Наши либеральные экономисты и их студенты считают, что у нас в России для удобного проведения реформ слишком много населения, хорошо бы поменьше.
И так далее.
Низости, мерзости и глупости бывали всегда, не только в наше время, и часто бывали, но только в наше время, которое Панарин называет эпохой “предельной порчи человека”, они окончательно перестали называться своими именами и открыто перешли из положения отвергнутого, табуированного “бывания” в статус легитимного бытия; только в наше время удобство не замечать границы между добром и злом возведено в “политкорректный” принцип, что достойно кисти Иеронима Босха с его апокалиптическим воображением.
Если пристально исследовать человеческие, духовные истоки того и в самом деле апокалиптического, что стряслось в Соединенных Штатах 11 сентября, мы обязательно придем к ряду идей и выводов книги “Реванш Истории”. Но она вышла за два с лишним года до 11 сентября, и напечатанный “Литературной газетой” отклик А. С. Панарина на это событие — может быть, самый серьезный из всех — оказался постскриптумом к книге, словно бы продиктованным самою ее героиней, Историей.
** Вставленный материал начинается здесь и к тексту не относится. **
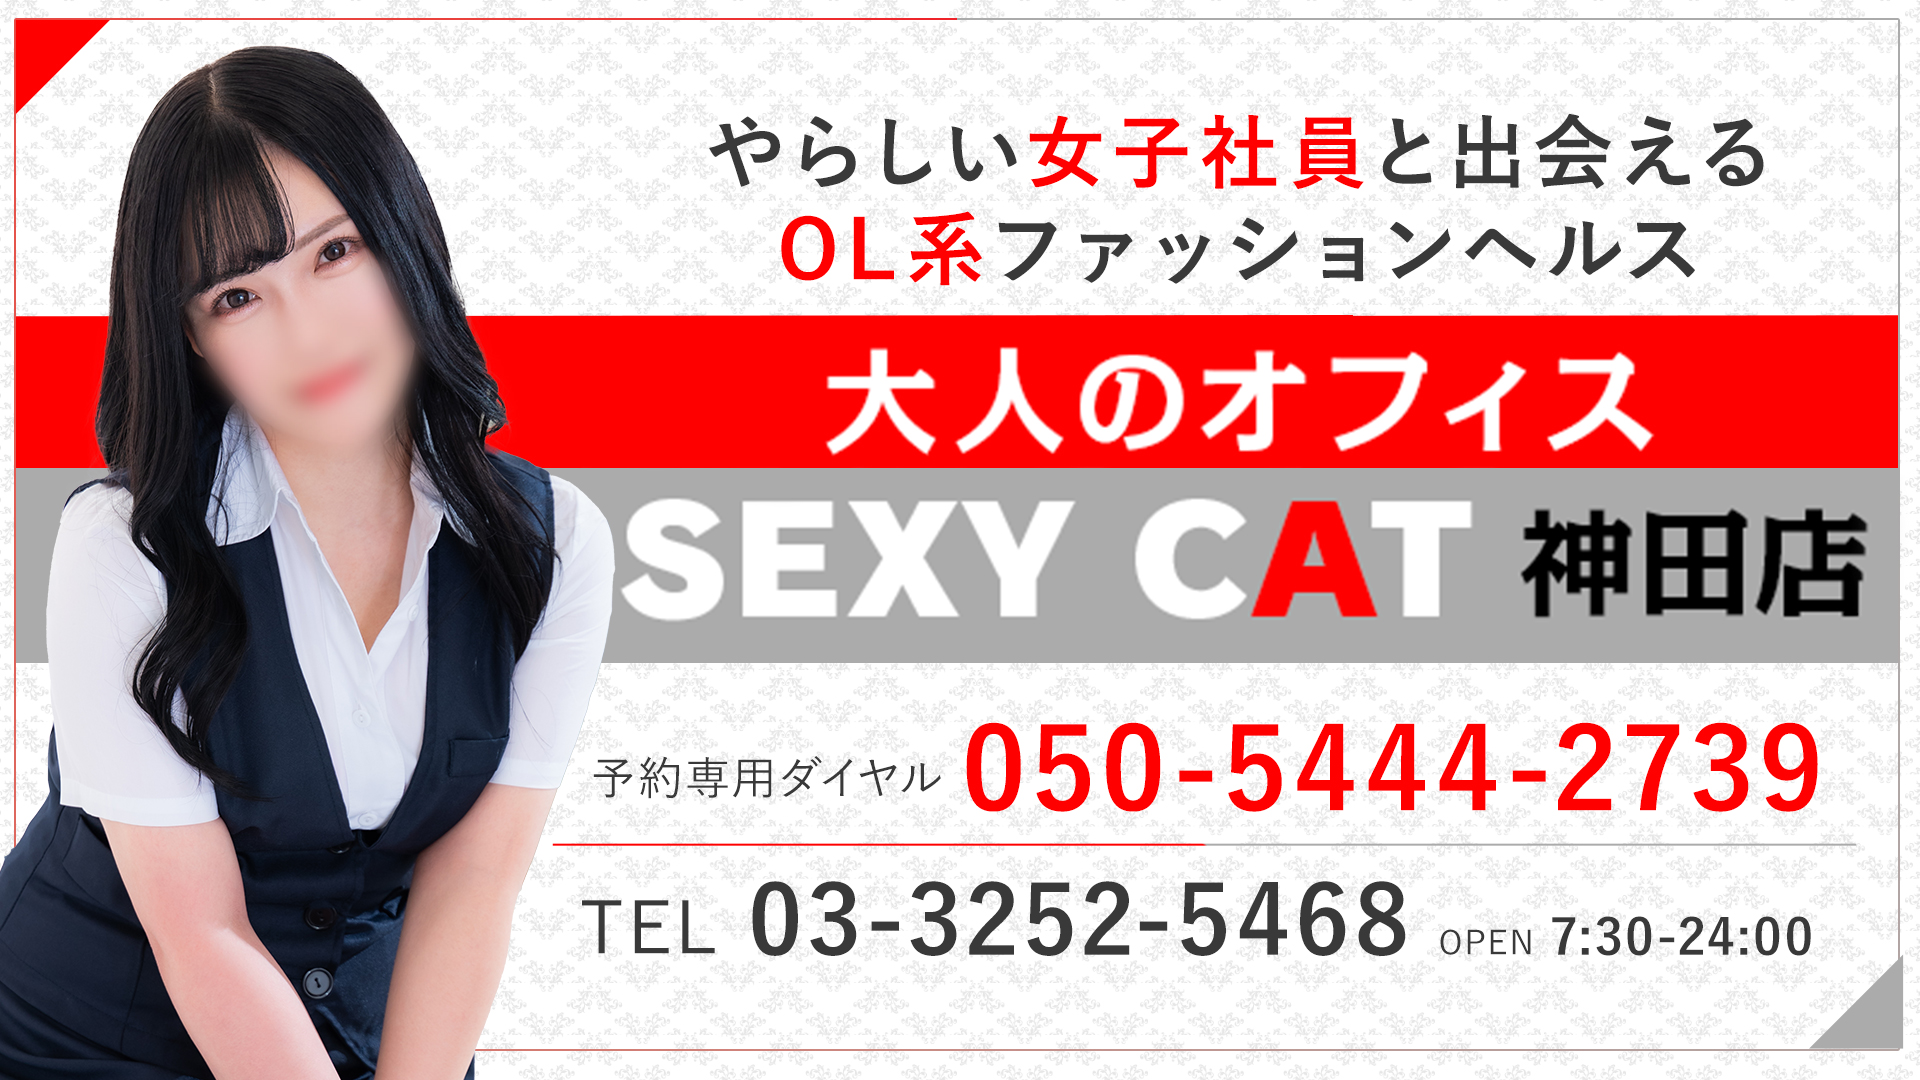 SEXY CAT 神田店

Трактуя о прошлой и нынешней истории, в контексте такой, казалось бы, воздушной материи, как человеческие ценности, книга по существу предсказала инфернальные возможности истории предстоящей.
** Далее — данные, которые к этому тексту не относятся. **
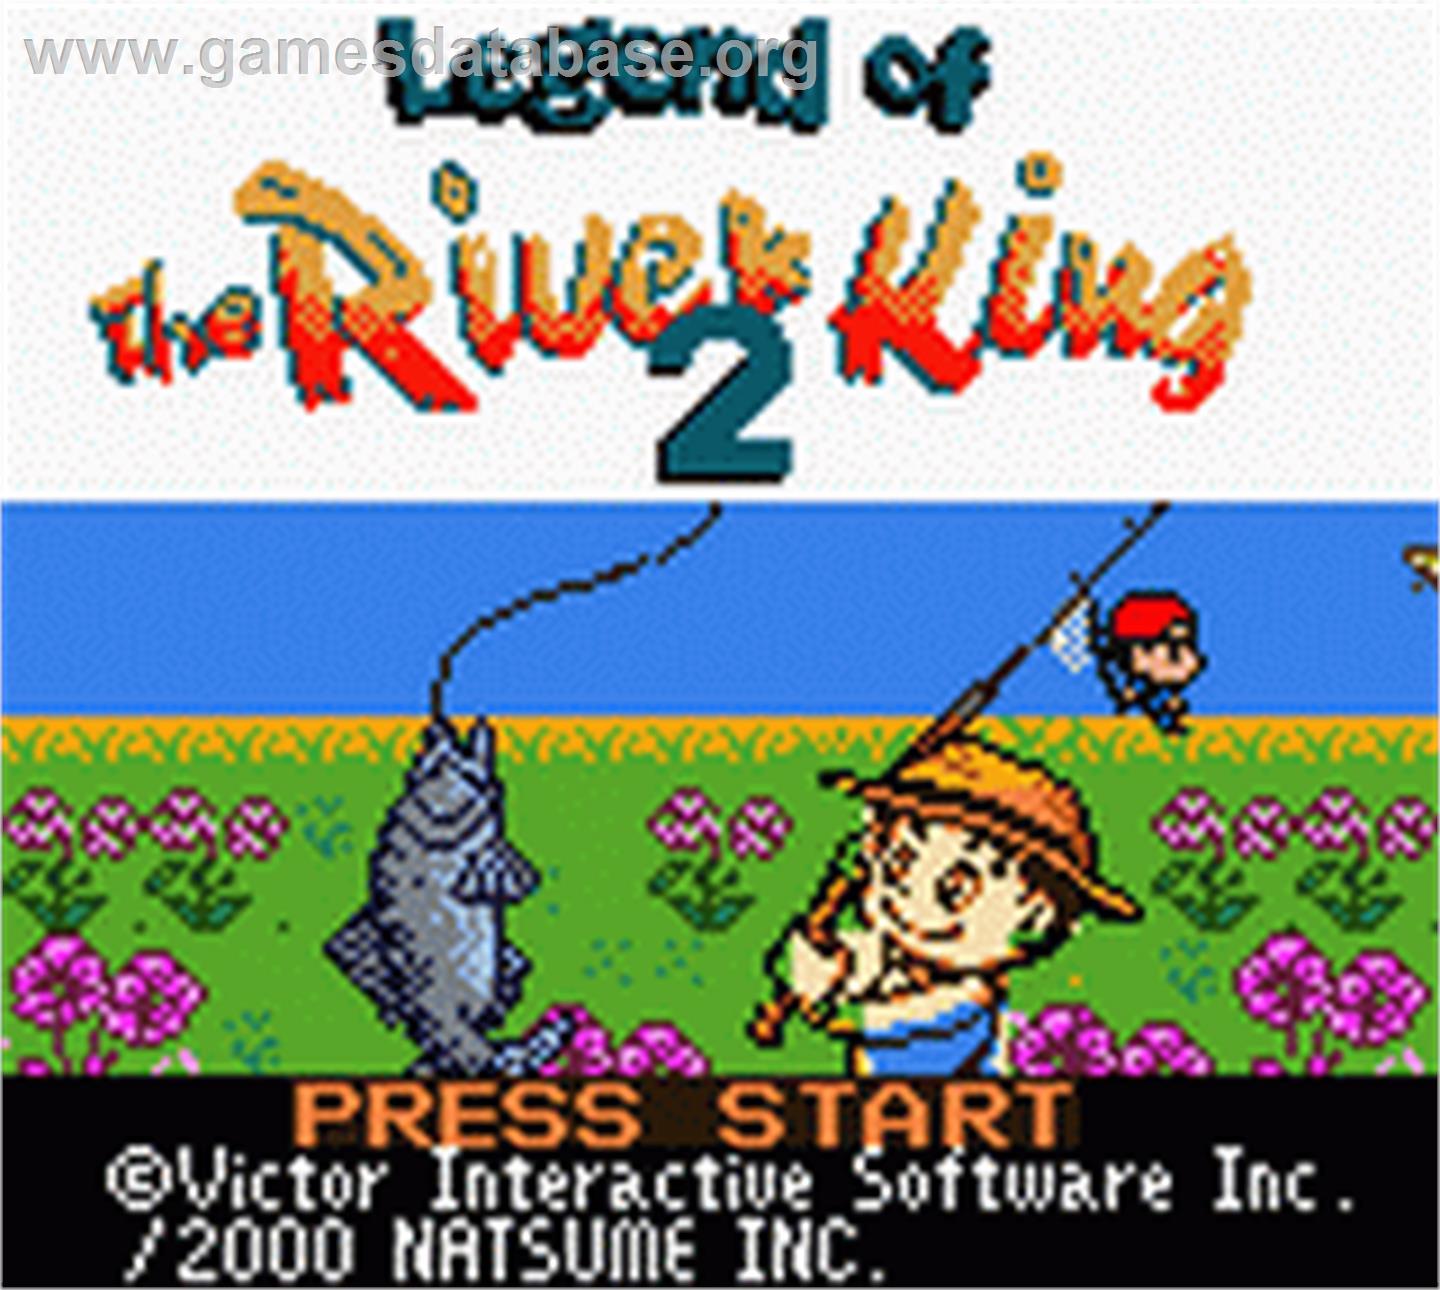 Legend of the River King 2 - Nintendo Game Boy Color - Artwork - Title Screen

Есть символический смысл в том, что многозначительная “американская трагедия” произошла в то время, когда Россия, в обстановке, как пишет Панарин, “геополитической бесцеремонности Запада” и возрастающего в ответ “фанатизма Востока”, перестала играть свою роль воздушного пространства между двумя половинами ядерного заряда, которое предохраняет их от соприкосновения, вызывающего взрыв; когда она выпала из мирового процесса в качестве великой державы, великой, всемирно авторитетной культуры и, наконец, — области великой мировой боли.
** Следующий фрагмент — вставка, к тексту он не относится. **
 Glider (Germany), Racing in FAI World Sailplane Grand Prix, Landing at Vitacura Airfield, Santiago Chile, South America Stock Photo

России не случайно назначено на Земле место, которое, по распространенному определению, есть “хартленд”, сердечная область нашего мира; не случайно ей дана роль, по слову Панарина, “незаживающего темени планеты”. По логике либерально-прогрессистского детерминизма, Россия — это какое-то странное в истории явление, какая-то нелепая случайность, без которой история, пожалуй, могла бы и обойтись, что было бы, разумеется, к лучшему. Для Чаадаева Россия тоже “как бы не входит в состав человечества”, но вывод он делал другой: Россия существует для того, “чтобы дать миру какой-нибудь важный урок”. И потому напрасно “сонм демократических интеллектуалов, — пишет Панарин, — со счастливым ужасом констатирует масштабы национального поражения” России в конце XХ века, — напрасно потому, что это не только ее поражение — это поражение человеческой Истории. Драма России в ХX веке, с самого его начала и до конца, —
Да, большевистский тоталитаризм был дик, это была дубина, способная превратить человека в ничто, в “лагерную пыль”; тоталитаризм же либеральный, рыночный, прогрессивен и цивилизован — как нейтронная бомба: оставляя тела, способен истребить души. Он тоже уничтожает людей, и с не меньшим успехом, но чаще он их покупает и утилизует в своих дальнейших интересах.
Опыт России — и это основная мысль книги Панарина — призывает мир к ценностной переориентации, пример которой должна, между тем, подать сама Россия. Больше это сделать сегодня некому.
3наменитый фильм “Унесенные ветром” содержит своего рода символ веpы, заключенный в словах обаятельной героини: я пойду на всё, но никогда больше не буду голодать. Это твердое плебейское кредо — формула “американской мечты” (теперь, по существу, мечты всего “цивилизованного”, то есть западного, мира). В русской культуре тоже есть кредо и формула:
Я жить хочу, чтоб мыслить и страдать.
Это — аристократическая формула достоинства и ответственности, ответственности духовной.
Никакая “конвергенция” этих двух исповеданий невозможна.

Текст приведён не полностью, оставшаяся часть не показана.